A real-world concern is that you might need to anonymize usage data so thoroughly that it hinders segmentation by user attributes such as age or location, eliminating crucial context. Balancing user privacy with detailed analysis demands careful planning, possibly including synthetic data generation for modeling purposes while preserving some features of the real distribution.
Could user behavior during weekends or holidays be drastically different, and how do you account for that?
Daily usage might be significantly higher on weekends or holidays because people have more free time. Failing to separate weekday vs. weekend or holiday usage might blend two or more distributions, where one distribution is typical weekdays and another is weekends/holidays with higher or lower usage. A single distribution can become artificially multimodal or have a more pronounced tail.
One approach is to label your data with the day of the week or holiday indicators and then build separate models or descriptive statistics for each group. This segmentation can help you understand how usage patterns differ and whether an apparent “outlier” on a weekday might be normal for a weekend. A subtlety is also seasonal behavior: some holidays or vacation periods vary by region (e.g., summer breaks) and can shift usage in ways that differ from shorter events like a single holiday.
In a real-time dashboard, how can rapid user growth or sudden viral trends distort the perceived distribution?

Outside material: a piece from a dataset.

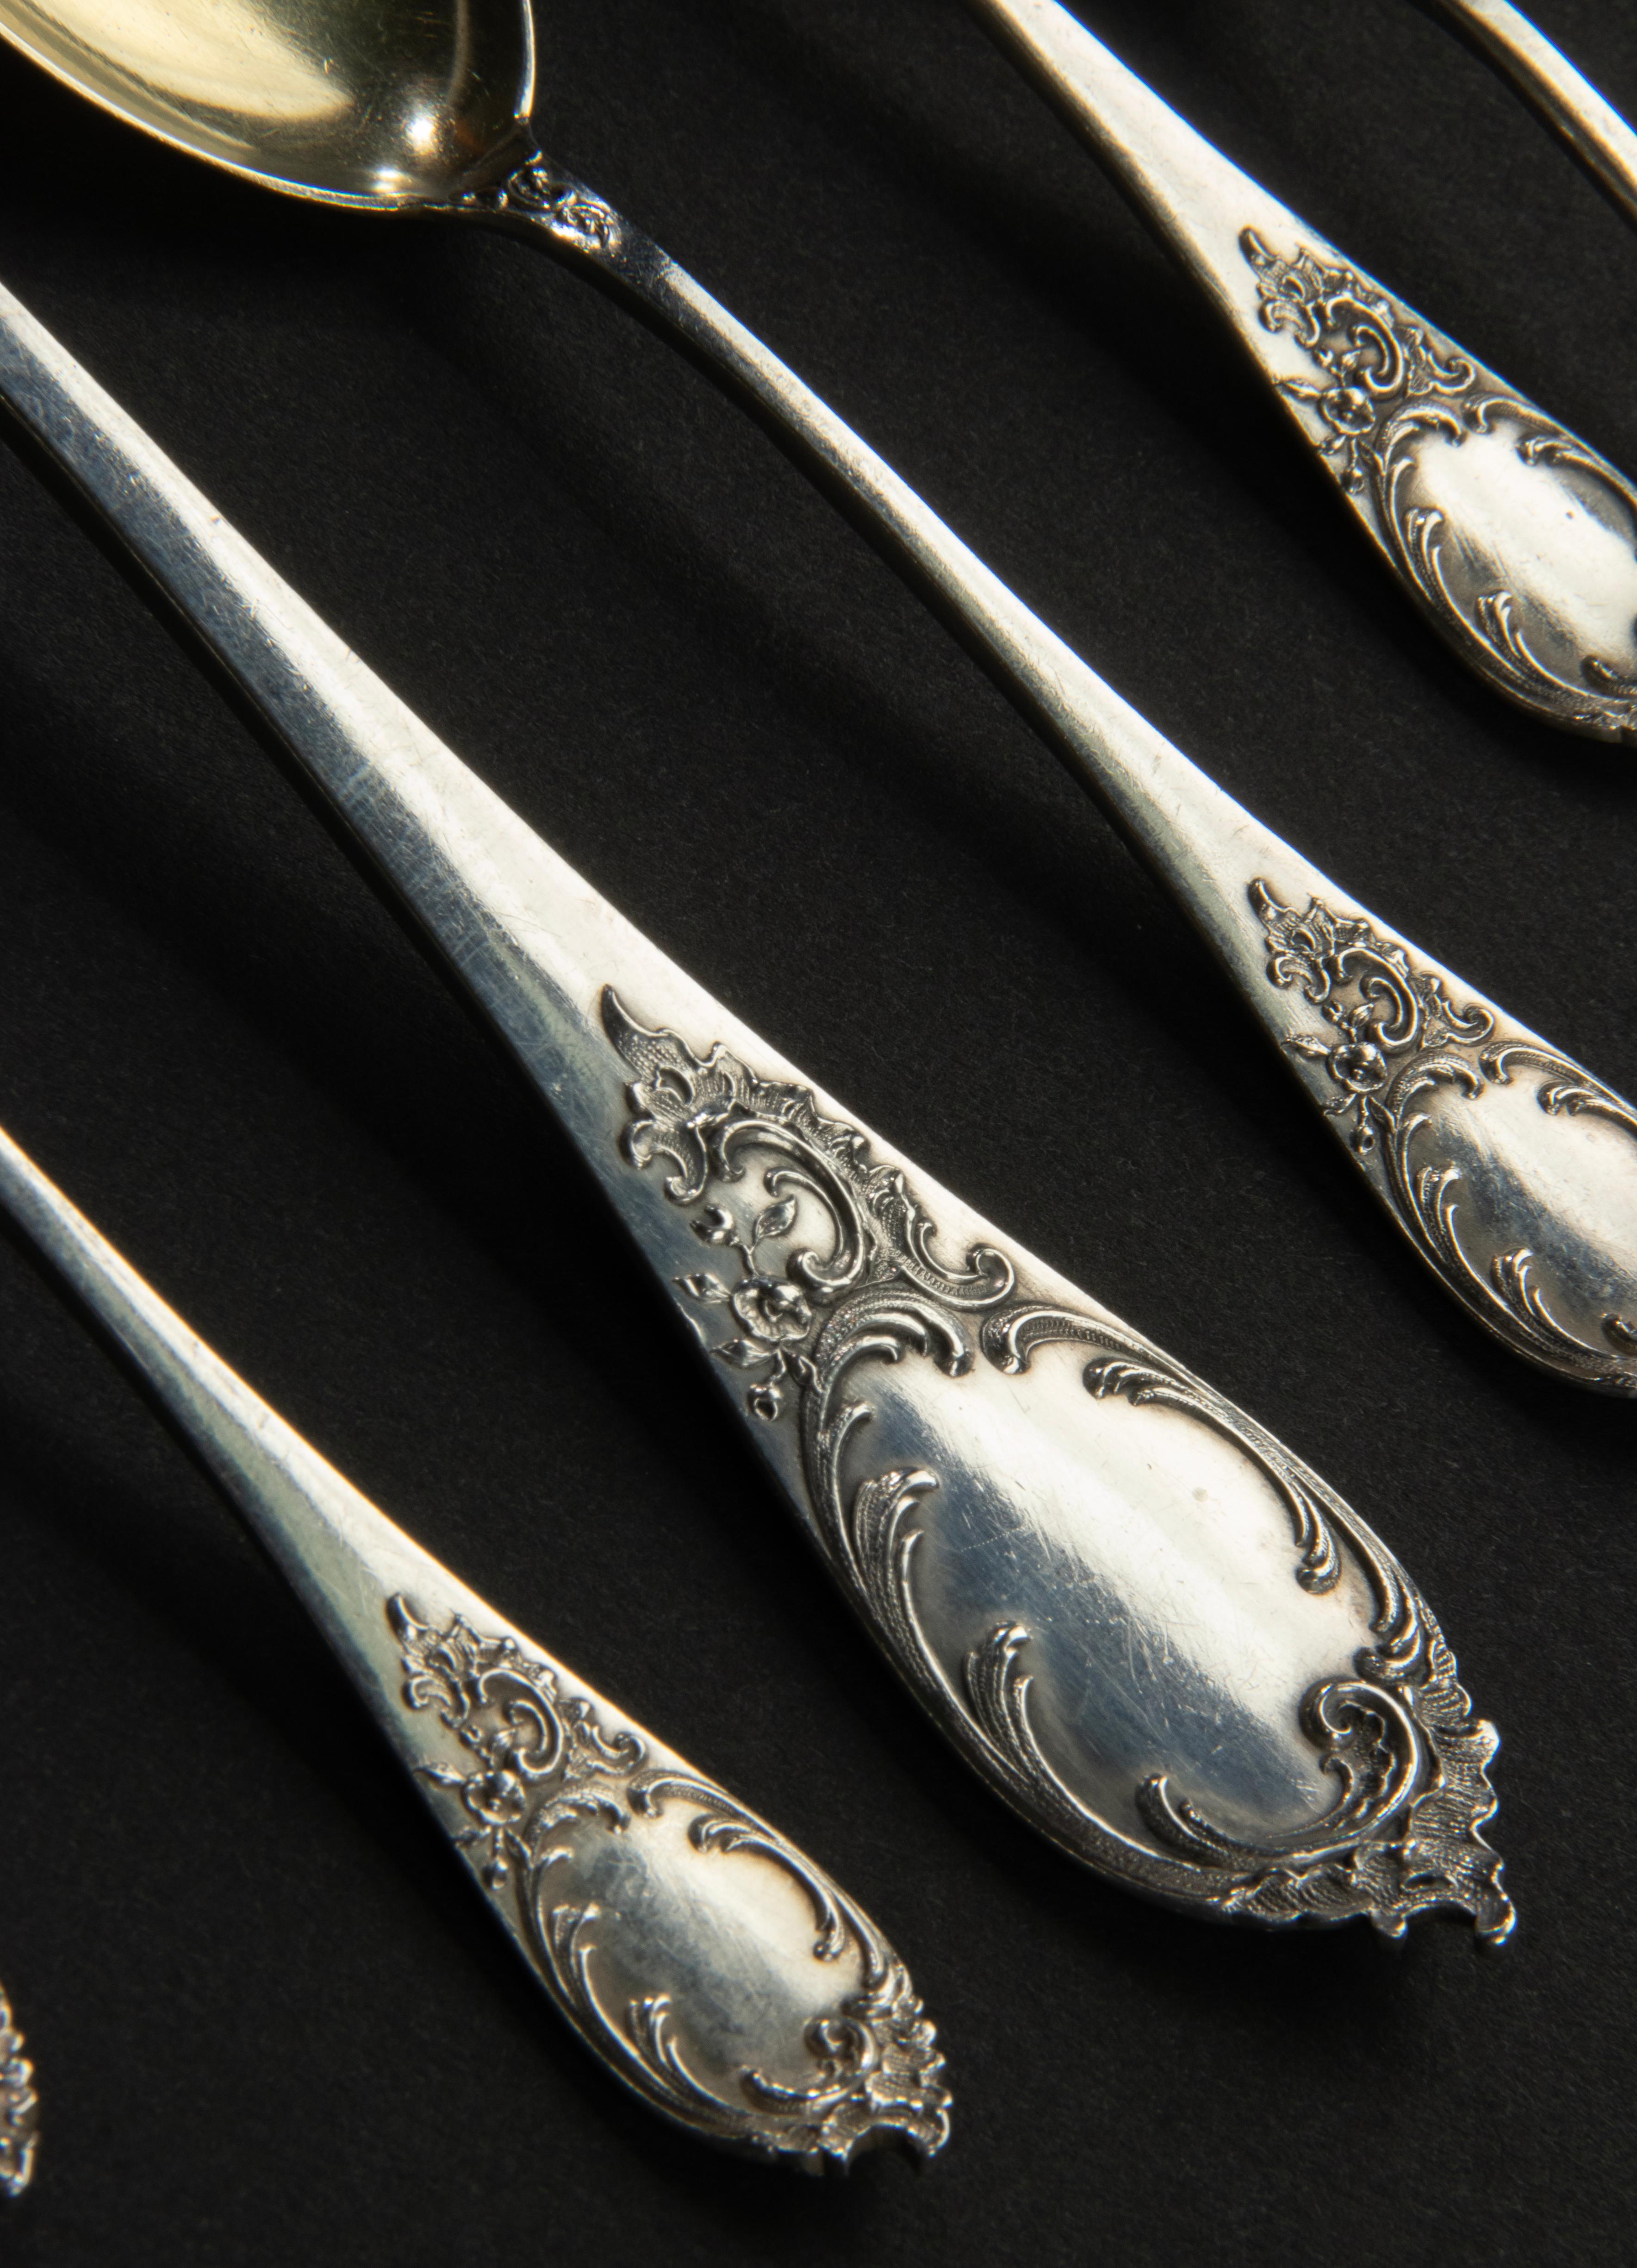 13-Piece Set of Solid Silver Ice Cream Spoons, Late 19th Century For Sale 2
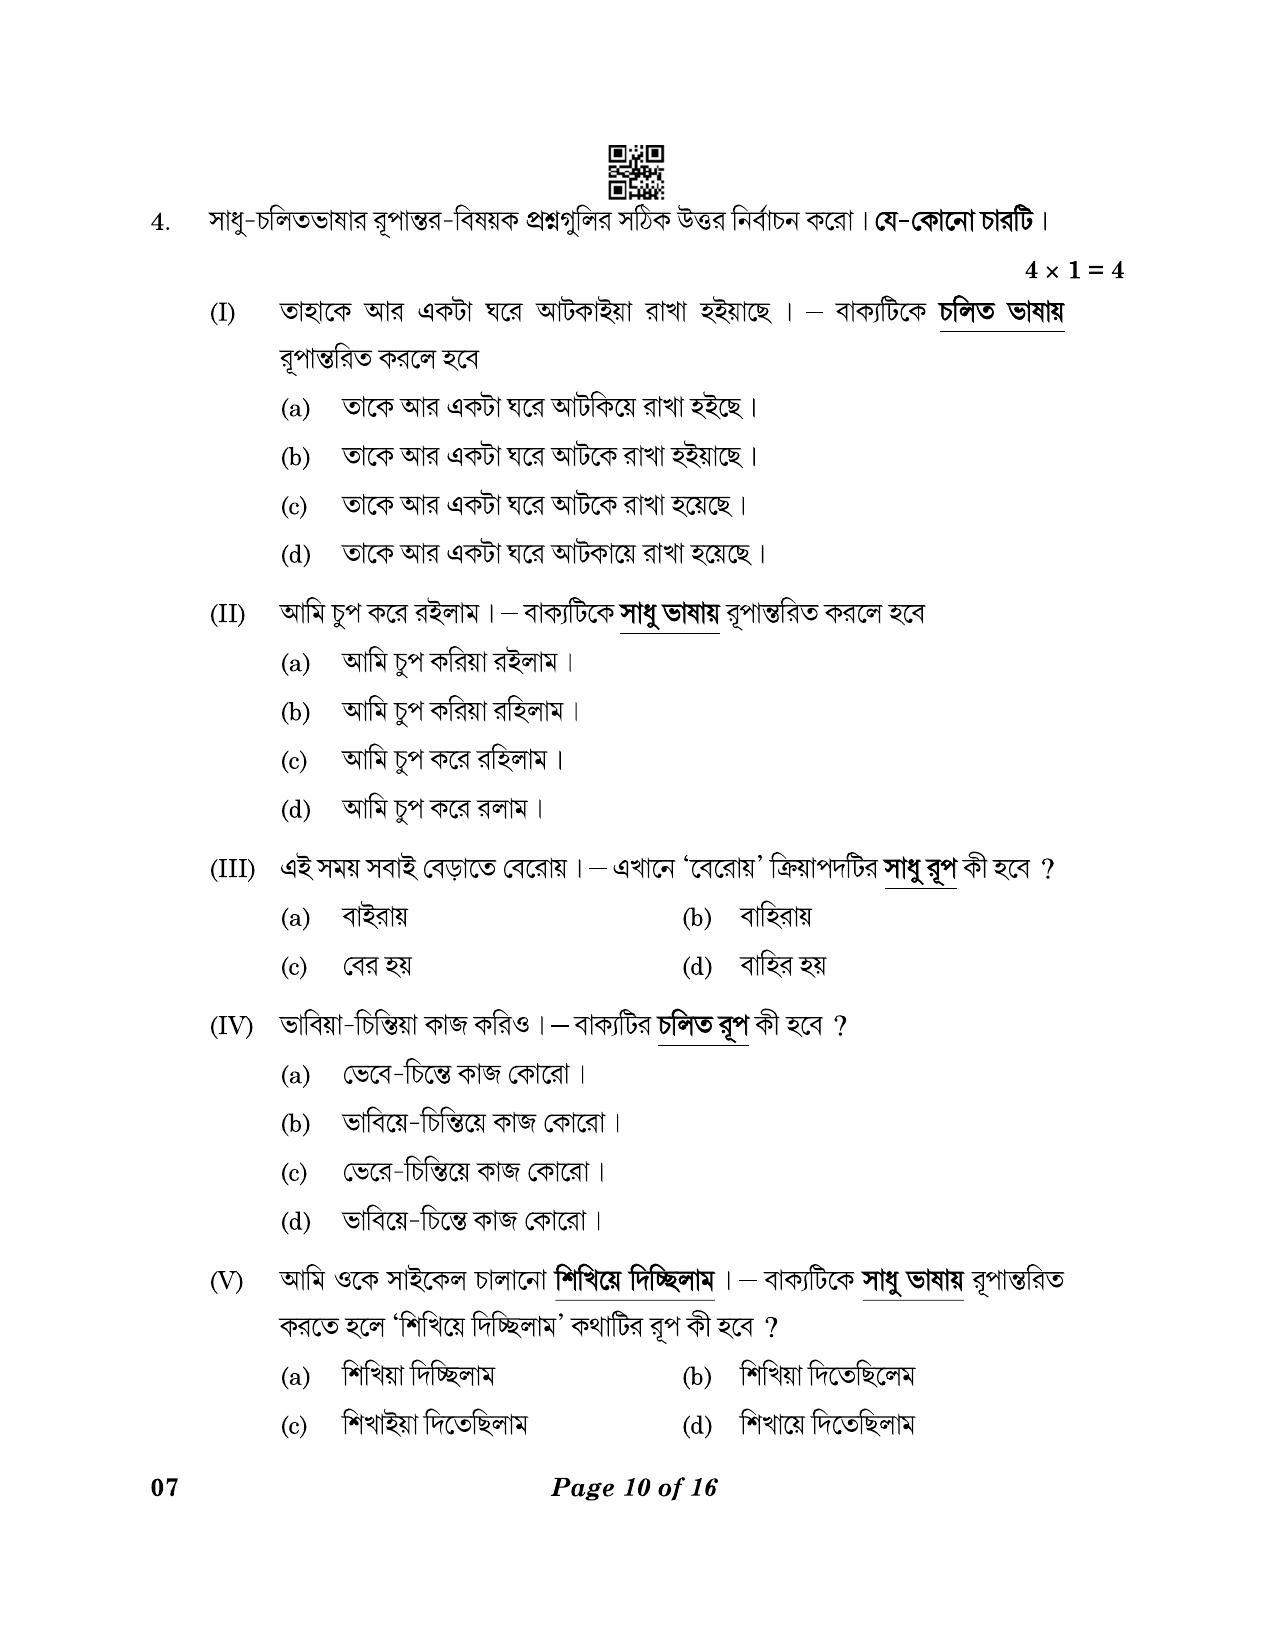 CBSE Class 10 07_Bengali 2023 Question Paper - Page 10

During sudden spikes in sign-ups—perhaps due to a marketing campaign or viral event—new users may have different usage patterns, typically shorter initial sessions as they familiarize themselves. If you’re pooling their usage data with existing users, the distribution might show a temporary dip in average or median usage. Over time, these new users might ramp up (or abandon the platform).
A pitfall is misinterpreting temporary changes in the distribution as a long-term trend. To handle this, many teams track metrics for new users separately (cohort analysis) and only merge them into overall usage statistics after a ramp-up period. This approach helps distinguish structural shifts from short-lived spikes.
If the data suggests multiple peaks in the distribution, how do you make sense of that?
A single-peaked distribution is often assumed by default (like a lognormal with one mode). However, real usage data might reveal multiple distinct peaks—for instance, a small daily usage peak around casual, infrequent check-ins, and a second peak where power users group. This phenomenon is known as a multimodal distribution and might indicate multiple subpopulations or usage contexts.
A viable approach is to investigate user segmentation to see if you can split the data into meaningful cohorts that each have a unimodal distribution. Potential cohorts might be by demographic, by user intent (entertainment vs. professional networking), or by device type. A pitfall is forcing a single distribution model to capture multiple distinct user behaviors, which can mask important product insights and hamper feature design targeted at specific subpopulations.